ASPA, you may have a point about how the order of eating foods affects it’s digestion, and the “proper” order from that standpoint.

However, the injunction to eat dessert after dinner is premised on a different standard, something much simpler. Dessert is sweets, and can be really tasty (to many people, tastier than the rest of the meal). If you eat dessert first, you are more likely to consume a larger serving of dessert, and have less room to eat the meat, veggies, bread, fruits, etc that comprise the majority of nutritional needs. So eating dessert last is to ensure that you eat all the healthier things first, and then if there’s room you eat a small treat.

Logical, eh?

Oh, yah, I know the given logic for eating deserts last. Didn’t mean to confuse it in my shpeal. I started to directly or distinclt address my point (without just giving it), and here I will: Ummm, the thing about eating desert last is based, simply put, on some notion that refined sugars eaten LAST will slow down and maybe halt proper digestion of the meal eaten FIRST. In this sense, the desert would indeed be the best appetizer. Of course our ideas of “deserts” are fundamentally unhealthy anyway. Delicious, though. Absolutely! I’m on my way now!

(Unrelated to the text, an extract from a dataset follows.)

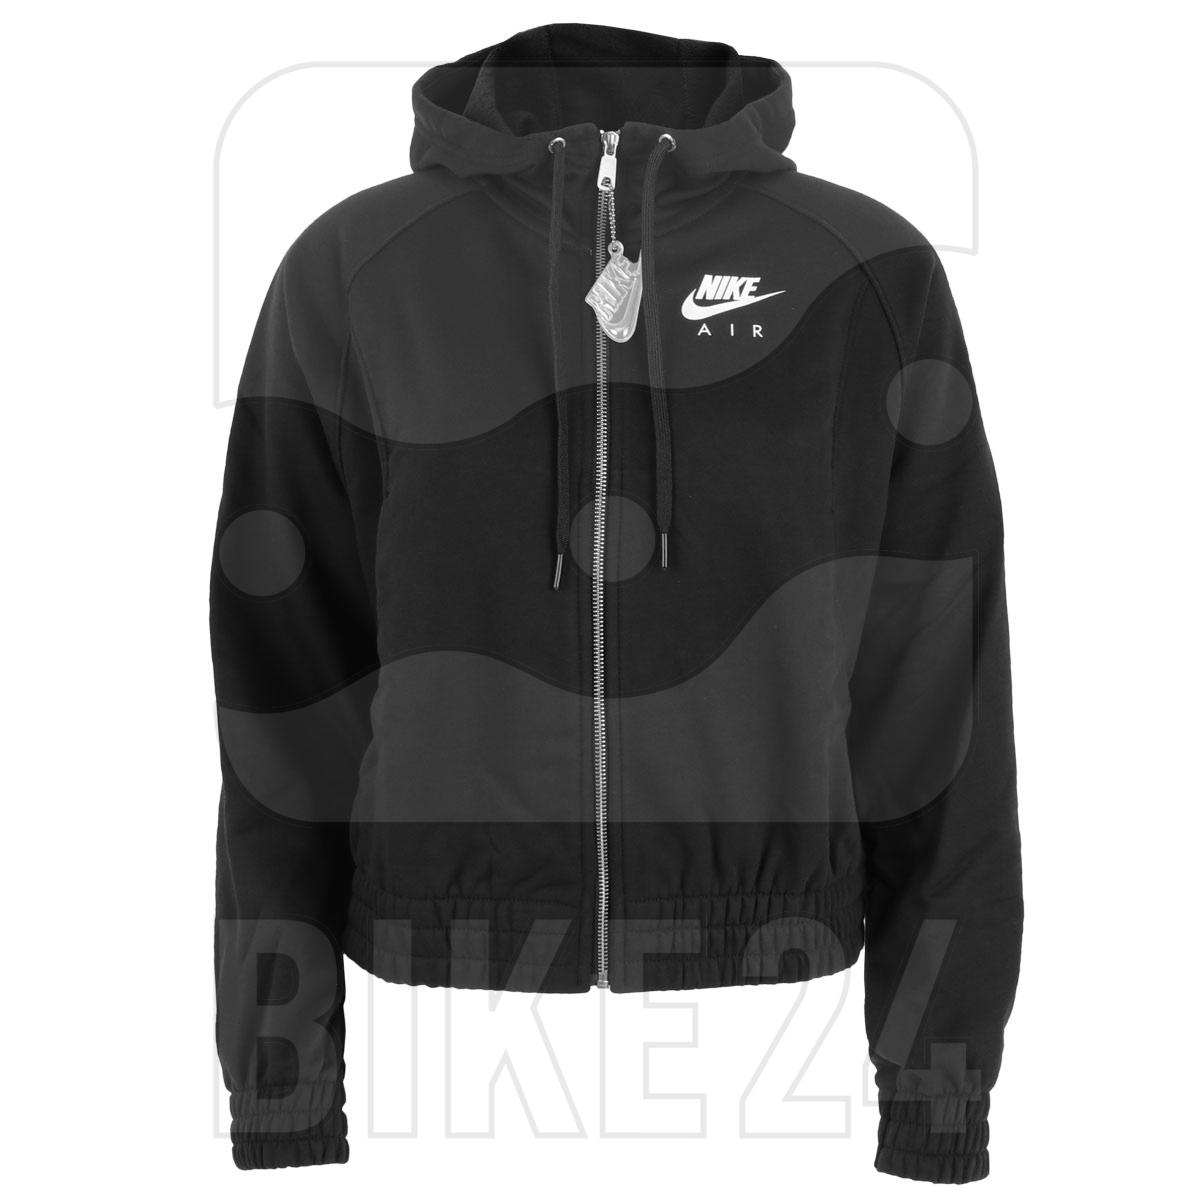 Nike Air Women's Full-Zip Fleece Hoodie - black/white CU5442-010

Regarding aboveposting: I din’t review that for editing, but I think a full reading reveals what the little corrections are. Sorry.

Why are we still hungry three hours after eating Japanese food? Cause of all that rice does stuff to your blood sugar level.

Why don’t Japanese people like american food? Cause three hours later they aren’t hungry anymore :slight_smile:

Why don’t nobody praise ant marmaz cookin?
Cause three teaspoons later they ain’t hungry fir it no mo’.